■ **Data**:

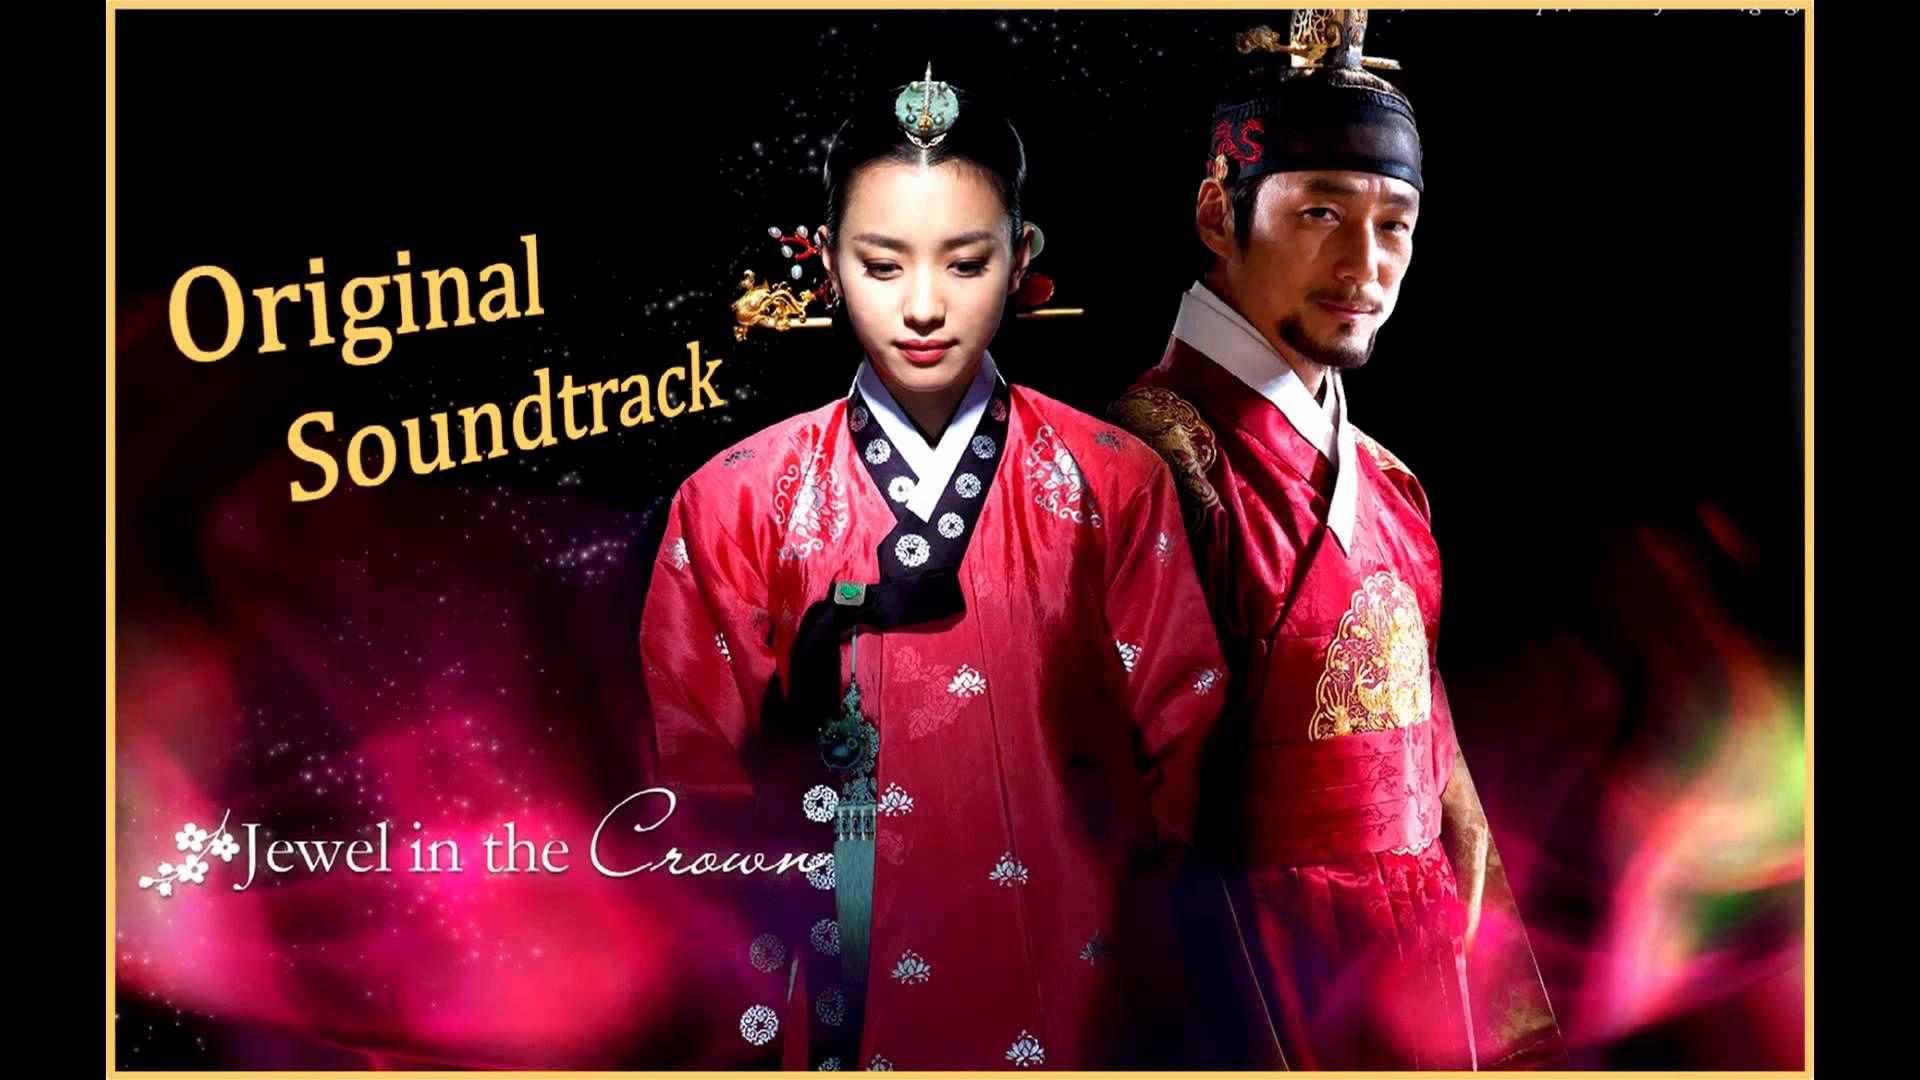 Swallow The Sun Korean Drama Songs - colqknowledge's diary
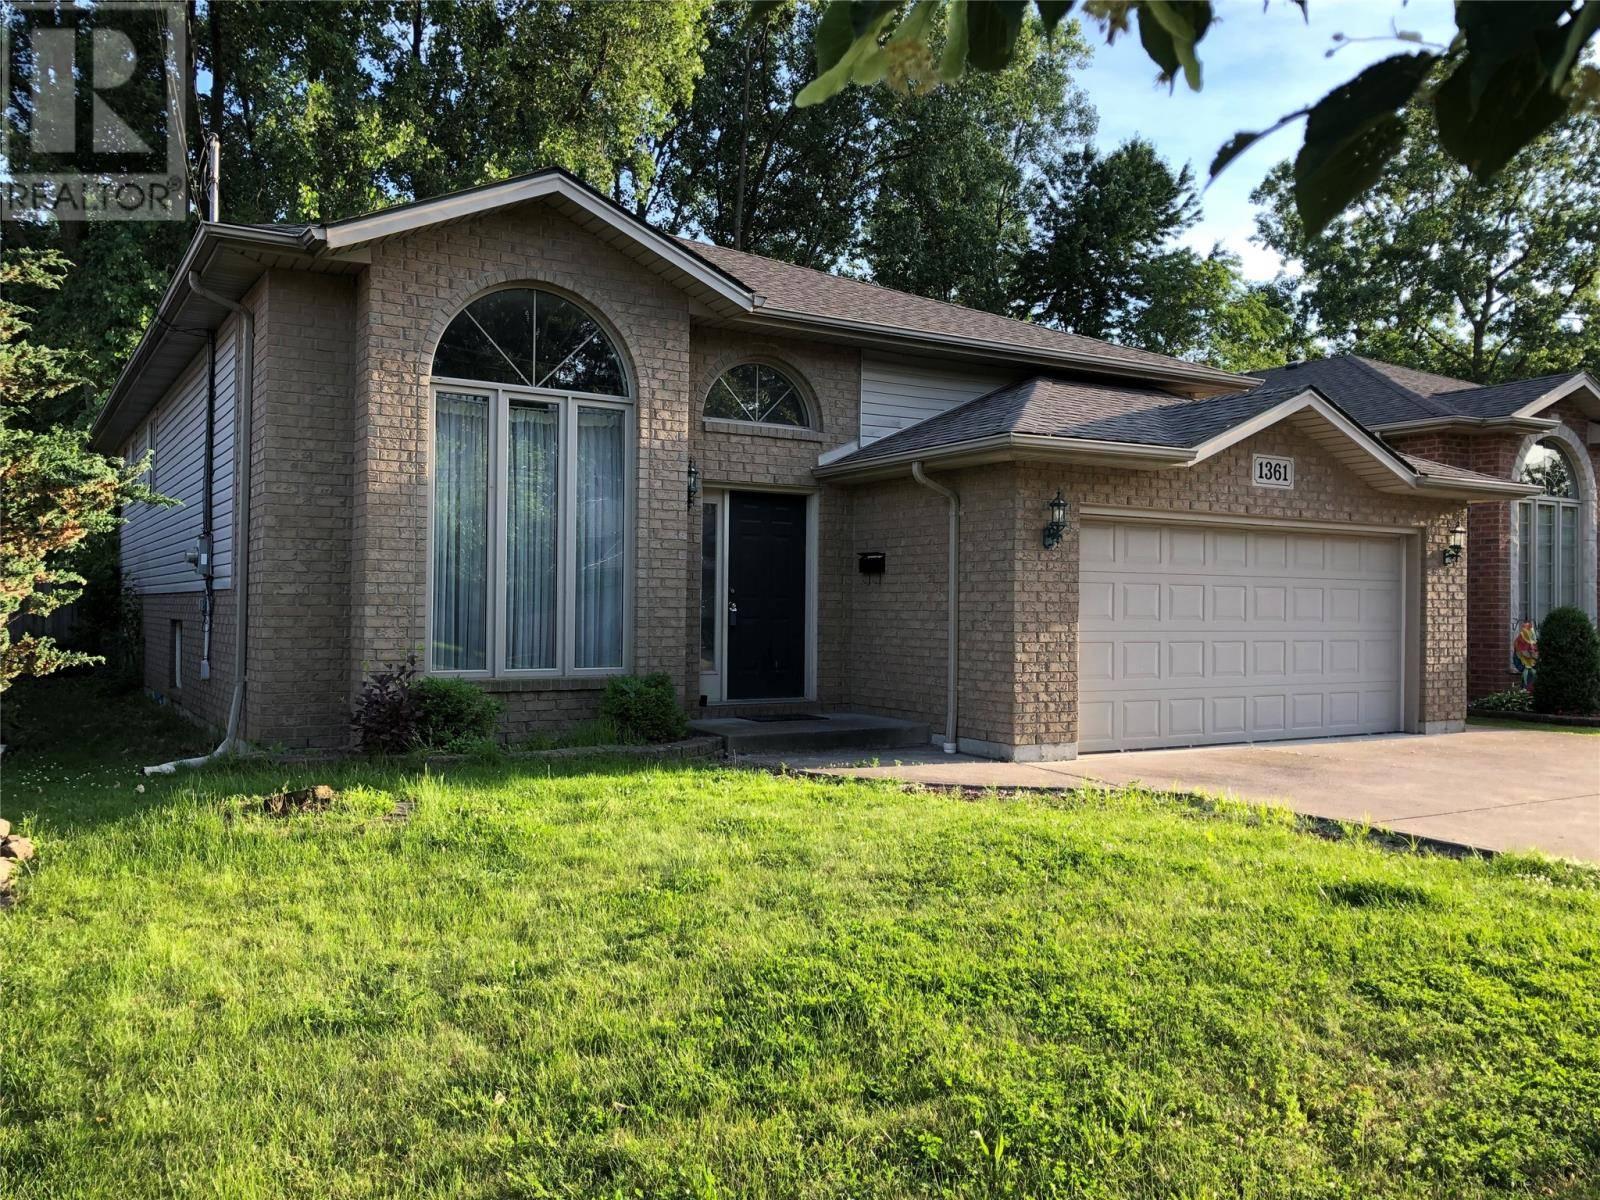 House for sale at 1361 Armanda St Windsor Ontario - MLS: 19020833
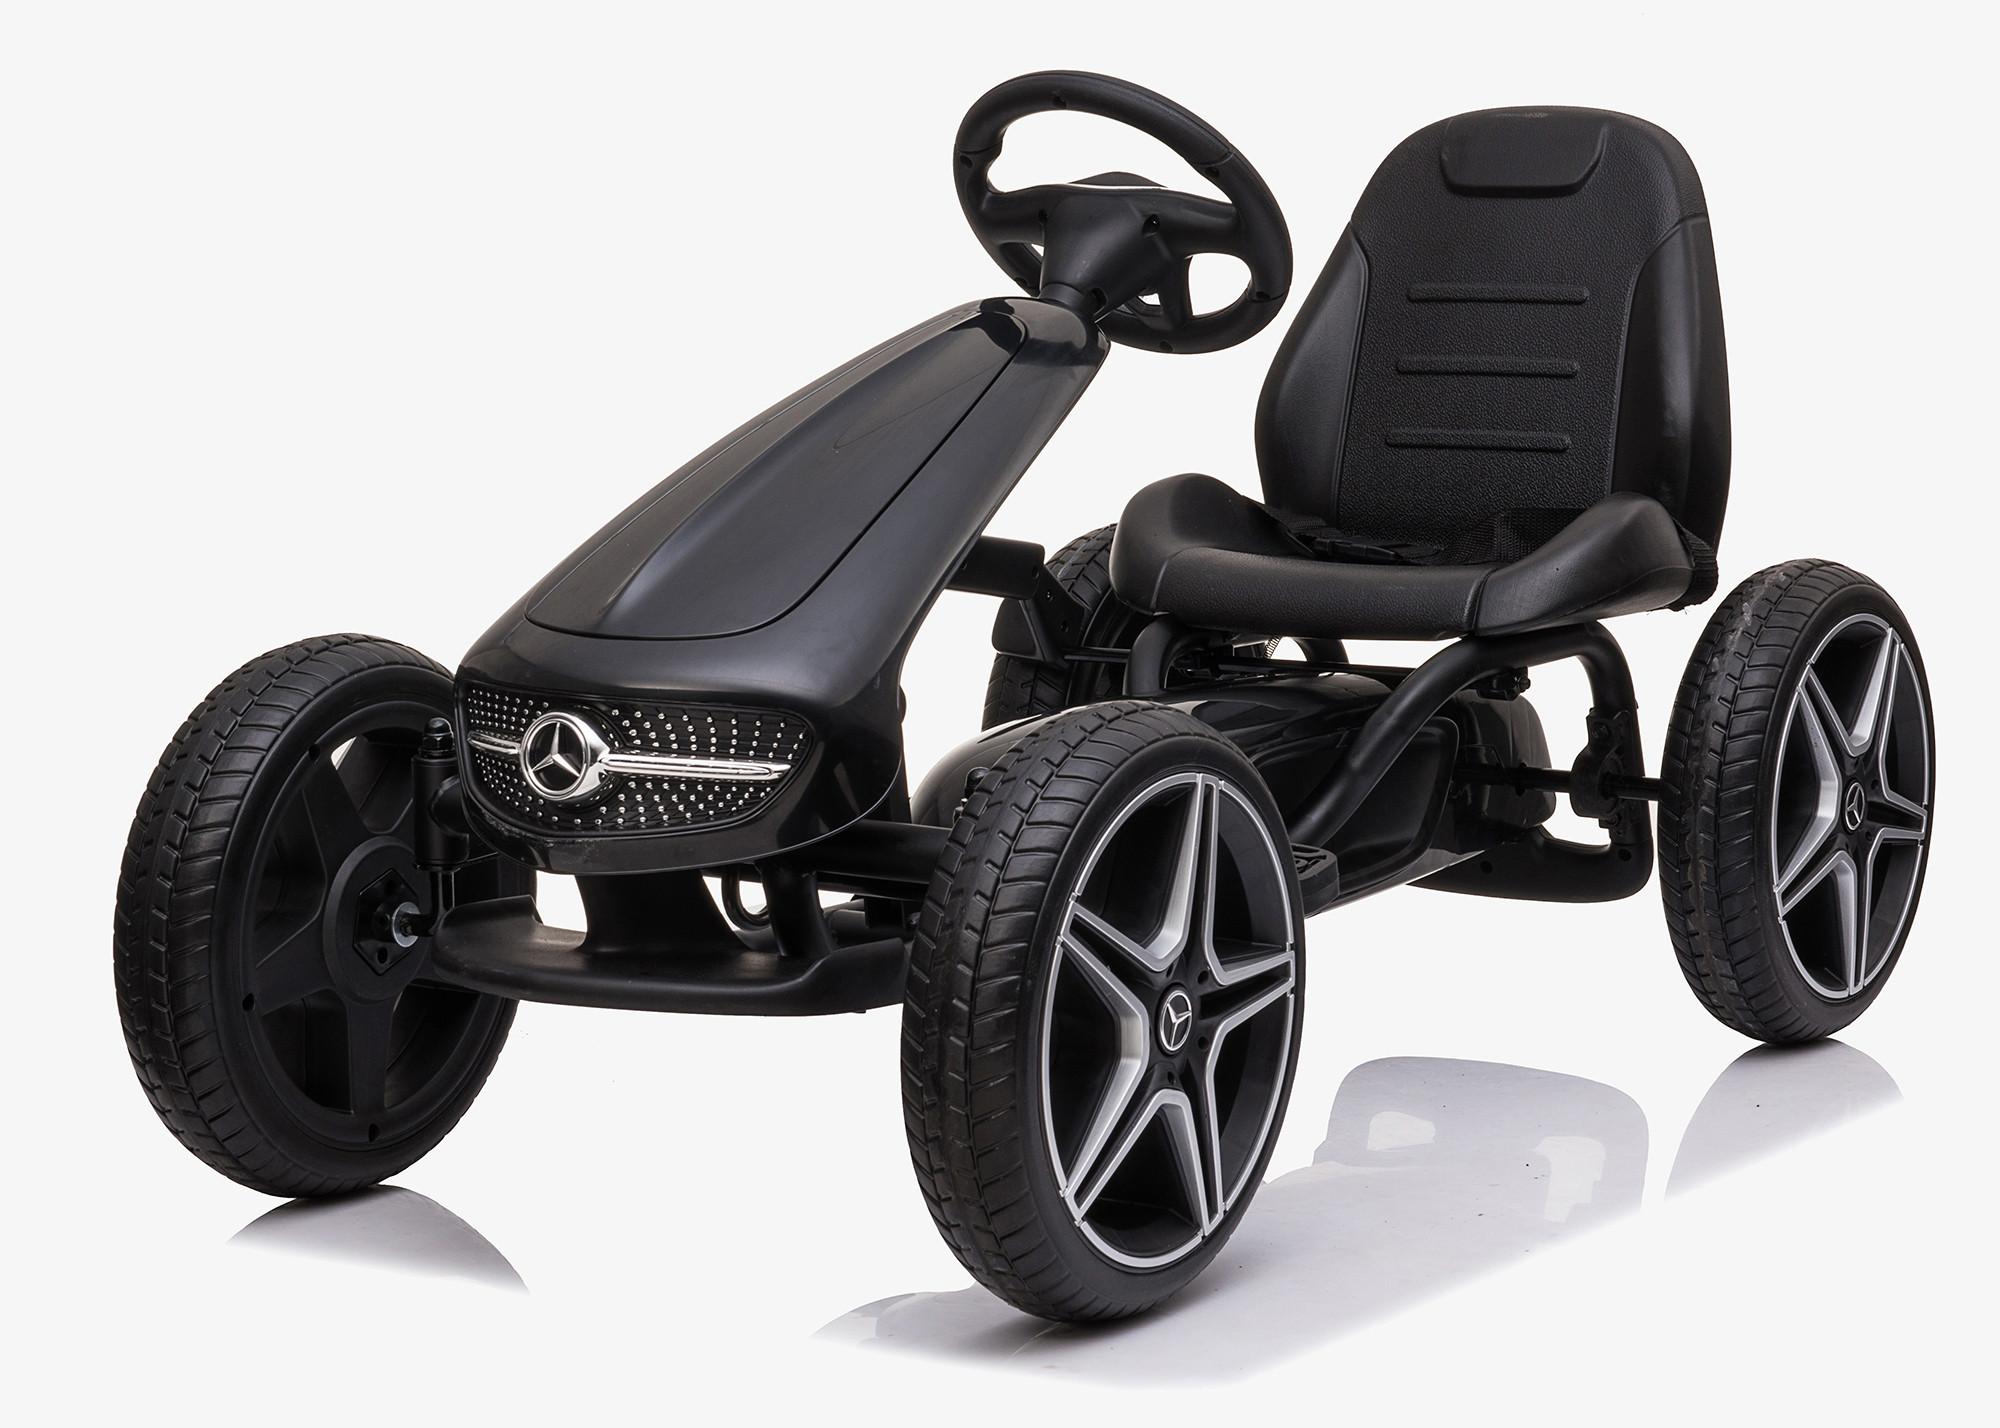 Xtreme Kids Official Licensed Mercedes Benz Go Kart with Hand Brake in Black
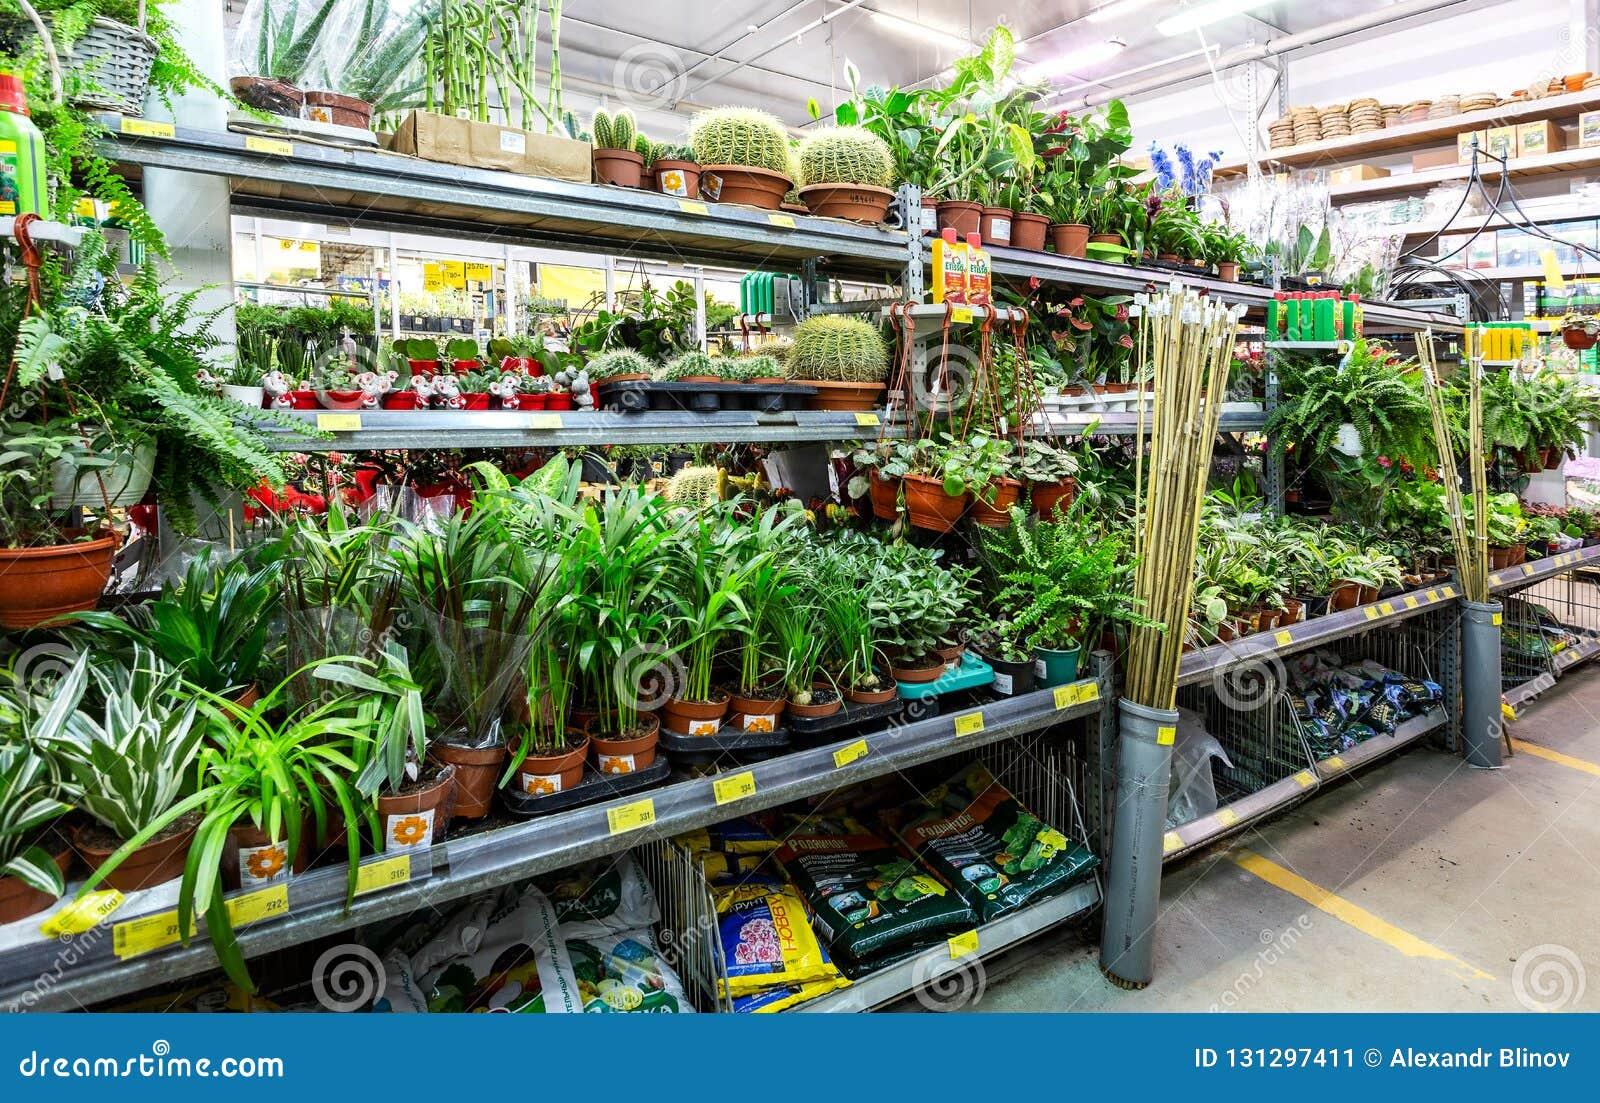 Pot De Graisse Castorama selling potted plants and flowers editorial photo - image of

■ **Task requirements**: Where pictures appear, skip them and transcribe all other material word for word.

■ **Finished exercise**:
 Swallow The Sun Korean Drama Songs - colqknowledge's diary
 House for sale at 1361 Armanda St Windsor Ontario - MLS: 19020833
 Xtreme Kids Official Licensed Mercedes Benz Go Kart with Hand Brake in Black
 Pot De Graisse Castorama selling potted plants and flowers editorial photo - image of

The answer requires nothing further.